Computing sequence summary statistics
segul
generates different summary statistics for DNA and amino acid sequences. By default, the datatype is set to DNA sequence. In general, the command is as below:
segul summary <input-option> [alignment-path] --input-format [sequence-format-keyword] --datatype [datatype]
The summary
function produces three summary statistics:
- Summary statistics for all the alignments printed in the terminal and written to the log file (
segul.log
). - Summary statistics for each alignment/locus written to a csv file (default name:
locus_summary.csv
). - Summary statistics for each taxon written to a csv file (default name:
taxon_summary.csv
).
Learn more about specifying the output directory and filenames here.
Computing sequence summary statistics for DNA sequences
Because segul
datatype is default to DNA, we don't need to pass the --datatype
option in the command. For example, to generate summary statistics for alignments in the folder alignments/
:
segul summary -d alignments/ -f nexus
If we use the --input
or -i
option, the command will be:
segul summary -i alignments/*.nexus
Below is an example of segul terminal output for DNA sequence summary statistics. This output is based on alignments from Oliveros et al. (2019). An example of csv file generated from the same dataset can be found through this link.

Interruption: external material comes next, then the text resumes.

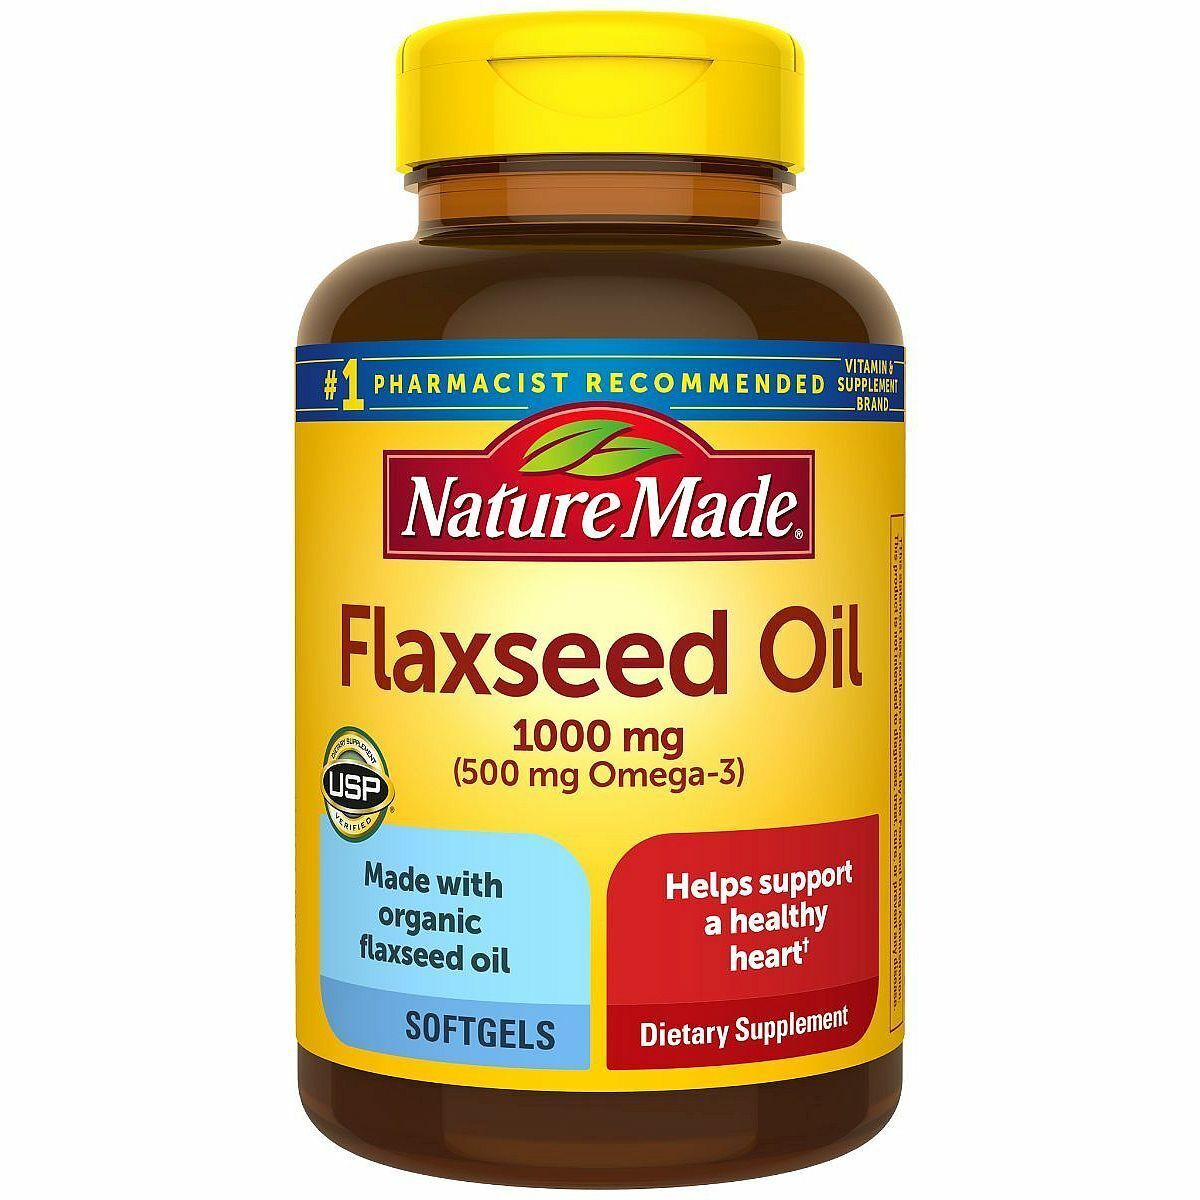 Nature Made Flaxseed Oil 1000mg (500 mg Omega-3) 100 Softgels Exp. 8/24 Lot of 3 - $27.72
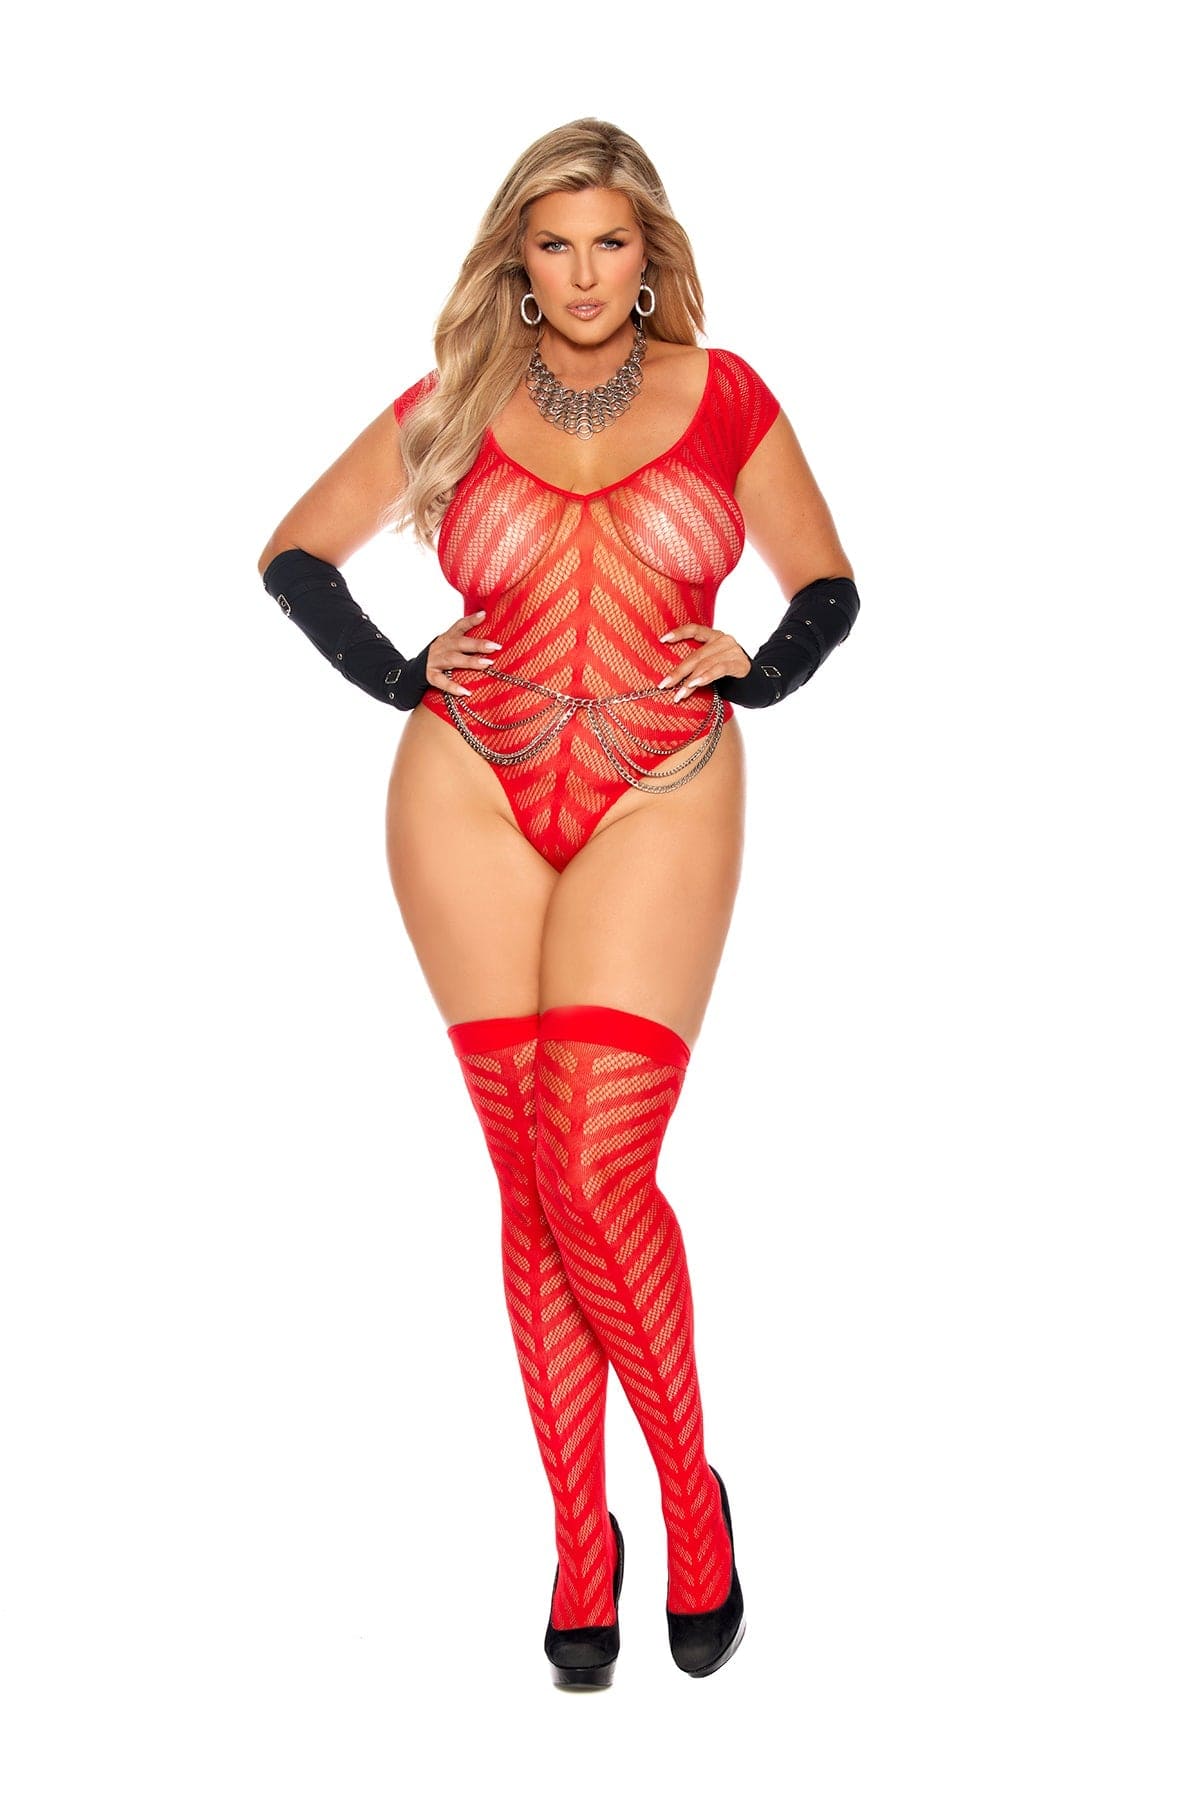 Plus Size Red Chevron Crochet Deep V Teddy and Matching Stockings Musotica.com

=========================================================
SEGUL v0.11.1
An alignment tool for phylogenomics
---------------------------------------------------------
Input dir : oliveros_et_al_2019/
File counts : 4,060
Input format : Nexus
Data type : DNA
Task : Sequence summary statistics
🌘 Finished computing summary stats!
General Summmary
Total taxa : 221
Total loci : 4,060
Total sites : 2,464,926
Missing data : 38,227,233
%Missing data : 7.32%
GC content : 0.36
AT content : 0.56
Characters : 522,529,858
Nucleotides : 484,302,625
Alignment Summmary
Min length : 155 bp
Max length : 1,410 bp
Mean length : 607.12 bp
Taxon Summmary
Min taxa : 177
Max taxa : 221
Mean taxa : 210.84
Character Count
? : 36,681,846
- : 1,545,387
A : 147,184,543
C : 94,814,080
G : 94,526,406
T : 147,777,596
Data Matrix Completeness
100% taxa : 15
95% taxa : 3,069
90% taxa : 3,729
85% taxa : 3,961
80% taxa : 4,060
Conserved Sequences
Con. loci : 0
%Con. loci : 0.00%
Con. sites : 1,261,559
%Con. sites : 0.51%
Min con. sites : 16
Max con. sites : 885
Mean con. sites : 0.51
Variable Sequences
Var. loci : 4,060
%Var. loci : 100.00%
Var. sites : 1,203,367
%Var. sites : 0.49%
Min var. sites : 15
Max var. sites : 814
Mean var. sites : 0.49
Parsimony Informative
Inf. loci : 4,060
%Inf. loci : 100.00%
Inf. sites : 811,688
%Inf. sites : 0.33%
Min inf. sites : 2
Max inf. sites : 631
Mean inf. sites : 0.33
Output Files
Alignment summary : locus_per_locus.csv
Log file : segul.log
Execution time : 4.3725607s
Computing sequence summary statistics for amino acid sequences
To compute the summary statistics for amino acid sequences, we need to use the --datatype aa
option. For example:
segul summary -d alignments/ -f nexus --datatype aa
If we use the --input
or -i
option, the command will be:
segul summary -i alignments/*.nexus --datatype aa
Setting up data matrix completeness interval
By default, segul
will print the percentage of data matrix completeness with decrement interval 5 percent. It starts from 100% until it reaches all alignment coverage or near zero percent completeness. With the dafault interval, if segul
never reaches all alignment coverage, it will stop printing the result when the result reaches 5%. In the Oliveros et al. (2019) dataset above, segul
stops printing the data matrix completeness at 80% because it already cover the total number of alignments (4,060 alignments).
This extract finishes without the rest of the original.